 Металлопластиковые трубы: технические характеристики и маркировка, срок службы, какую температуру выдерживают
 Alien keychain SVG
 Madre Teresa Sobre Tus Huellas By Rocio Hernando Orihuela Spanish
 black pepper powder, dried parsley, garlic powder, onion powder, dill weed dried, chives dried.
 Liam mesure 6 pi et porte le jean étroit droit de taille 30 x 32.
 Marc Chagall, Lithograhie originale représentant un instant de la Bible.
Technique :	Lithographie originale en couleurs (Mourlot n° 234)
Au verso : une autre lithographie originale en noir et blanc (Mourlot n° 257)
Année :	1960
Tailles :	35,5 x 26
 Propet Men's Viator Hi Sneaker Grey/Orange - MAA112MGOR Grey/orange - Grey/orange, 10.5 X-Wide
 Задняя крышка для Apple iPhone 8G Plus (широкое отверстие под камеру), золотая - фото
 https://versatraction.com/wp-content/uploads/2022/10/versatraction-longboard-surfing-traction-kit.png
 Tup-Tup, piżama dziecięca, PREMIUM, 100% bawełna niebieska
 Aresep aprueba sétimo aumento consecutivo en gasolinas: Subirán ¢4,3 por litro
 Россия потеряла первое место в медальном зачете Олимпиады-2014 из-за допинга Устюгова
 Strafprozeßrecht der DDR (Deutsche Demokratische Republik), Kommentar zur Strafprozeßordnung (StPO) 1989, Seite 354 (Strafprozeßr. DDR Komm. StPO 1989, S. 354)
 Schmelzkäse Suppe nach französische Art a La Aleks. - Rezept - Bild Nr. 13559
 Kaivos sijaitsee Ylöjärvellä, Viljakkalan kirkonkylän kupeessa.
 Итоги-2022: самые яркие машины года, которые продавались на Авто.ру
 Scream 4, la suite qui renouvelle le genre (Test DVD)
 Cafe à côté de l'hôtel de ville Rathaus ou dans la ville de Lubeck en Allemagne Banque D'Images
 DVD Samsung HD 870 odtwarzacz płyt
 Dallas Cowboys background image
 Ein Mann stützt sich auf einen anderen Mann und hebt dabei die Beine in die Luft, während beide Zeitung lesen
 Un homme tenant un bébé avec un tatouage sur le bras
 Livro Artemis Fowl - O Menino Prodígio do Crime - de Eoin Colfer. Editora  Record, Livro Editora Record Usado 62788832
==================================================
> **Problem to work on**:
Output, exactly and in full, the lines from the start of the entries above through the line that contains "Strafprozeßrecht der DDR".

> **Result of this exercise**:
 Металлопластиковые трубы: технические характеристики и маркировка, срок службы, какую температуру выдерживают
 Alien keychain SVG
 Madre Teresa Sobre Tus Huellas By Rocio Hernando Orihuela Spanish
 black pepper powder, dried parsley, garlic powder, onion powder, dill weed dried, chives dried.
 Liam mesure 6 pi et porte le jean étroit droit de taille 30 x 32.
 Marc Chagall, Lithograhie originale représentant un instant de la Bible.
Technique :	Lithographie originale en couleurs (Mourlot n° 234)
Au verso : une autre lithographie originale en noir et blanc (Mourlot n° 257)
Année :	1960
Tailles :	35,5 x 26
 Propet Men's Viator Hi Sneaker Grey/Orange - MAA112MGOR Grey/orange - Grey/orange, 10.5 X-Wide
 Задняя крышка для Apple iPhone 8G Plus (широкое отверстие под камеру), золотая - фото
 https://versatraction.com/wp-content/uploads/2022/10/versatraction-longboard-surfing-traction-kit.png
 Tup-Tup, piżama dziecięca, PREMIUM, 100% bawełna niebieska
 Aresep aprueba sétimo aumento consecutivo en gasolinas: Subirán ¢4,3 por litro
 Россия потеряла первое место в медальном зачете Олимпиады-2014 из-за допинга Устюгова
 Strafprozeßrecht der DDR (Deutsche Demokratische Republik), Kommentar zur Strafprozeßordnung (StPO) 1989, Seite 354 (Strafprozeßr. DDR Komm. StPO 1989, S. 354)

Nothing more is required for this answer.